Start of GIVEN MATERIAL

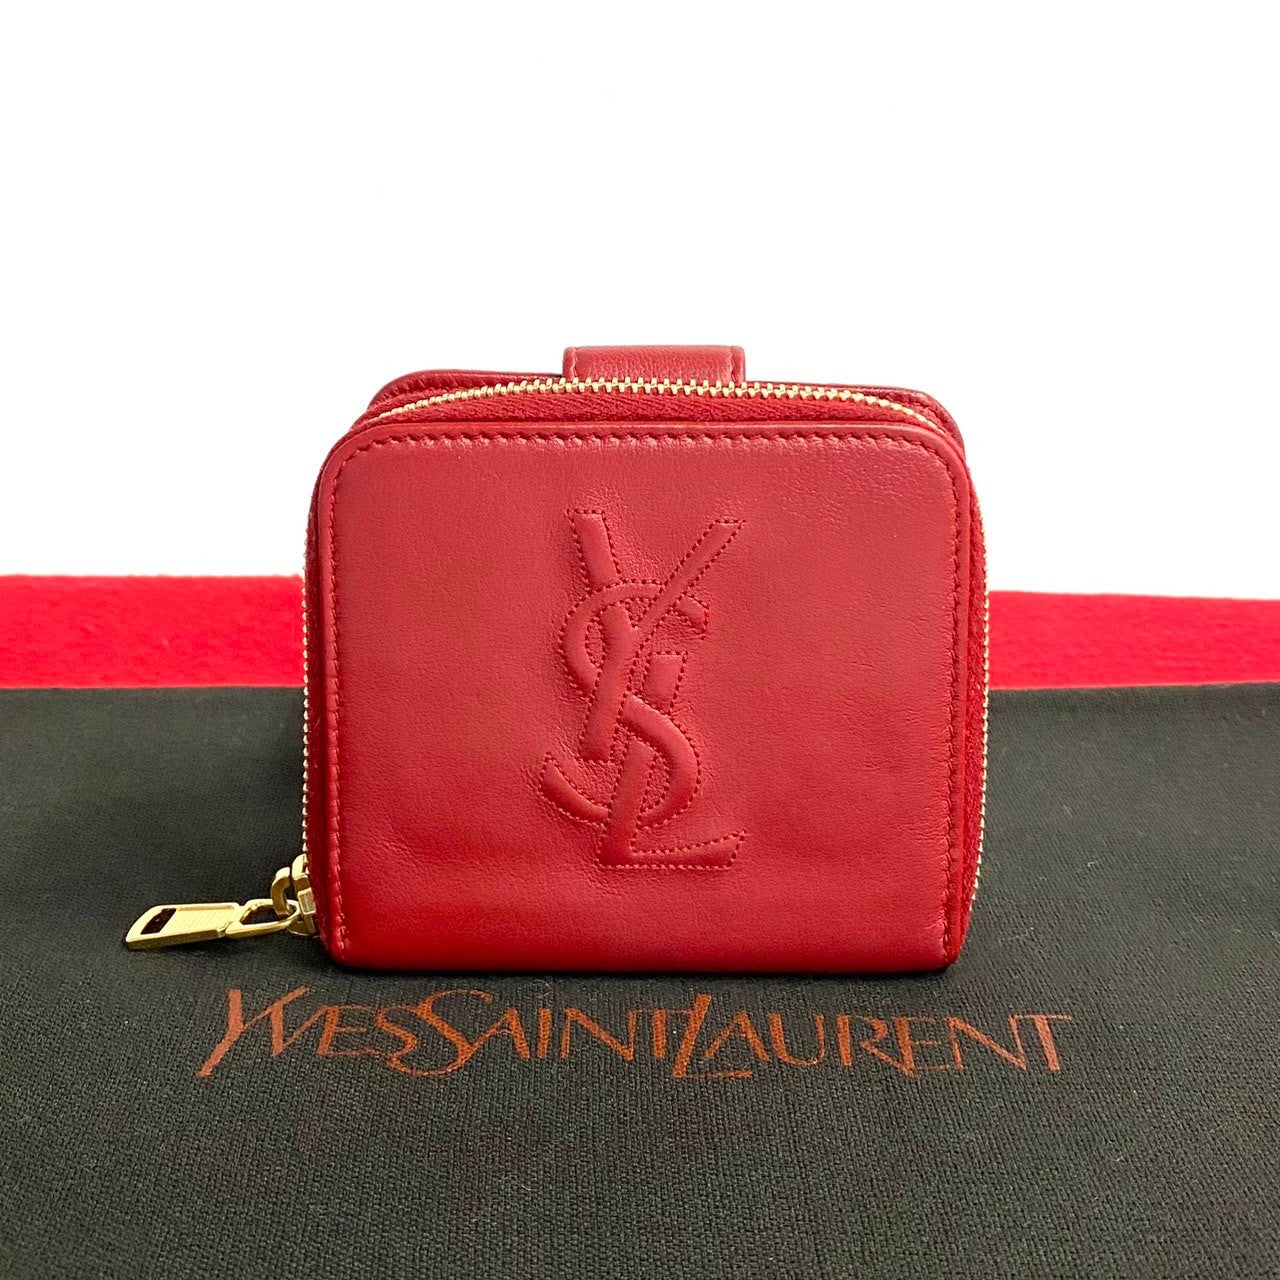 Yves Saint Laurent Leather Monogram Zip Around Wallet  Leather Short Wallet in Good condition
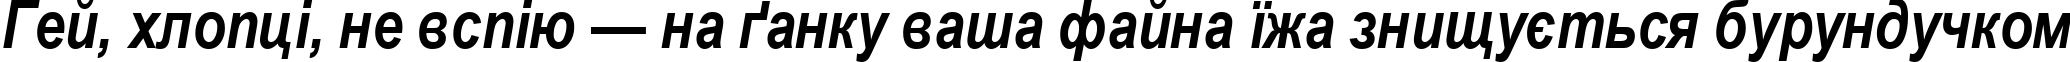 Пример написания шрифтом Arial Narrow Bold Italic текста на украинском
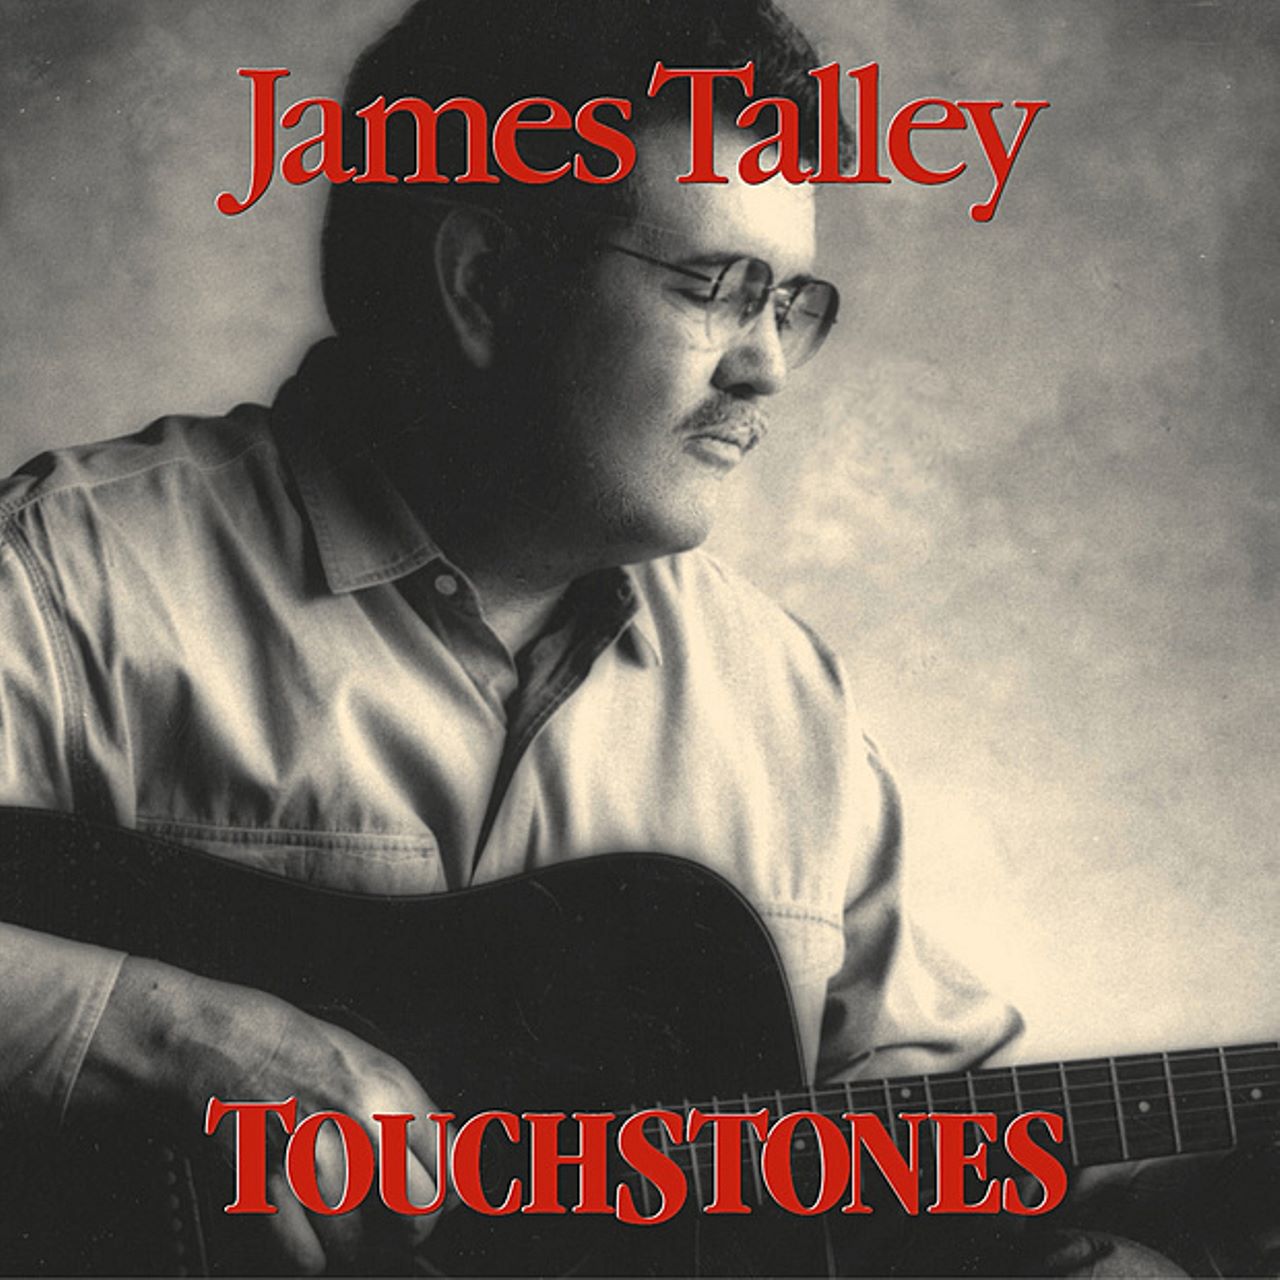 James Talley - Touchstones cover album

End of GIVEN MATERIAL

- **YOUR ASSIGNMENT**: Beginning with the line that holds "Пример написания шрифтом", output each line to the end of the material above, exactly, omitting the pictures.

- **SOLUTION TO THIS EXERCISE**:
 Пример написания шрифтом Arial Narrow Bold Italic текста на украинском
 James Talley - Touchstones cover album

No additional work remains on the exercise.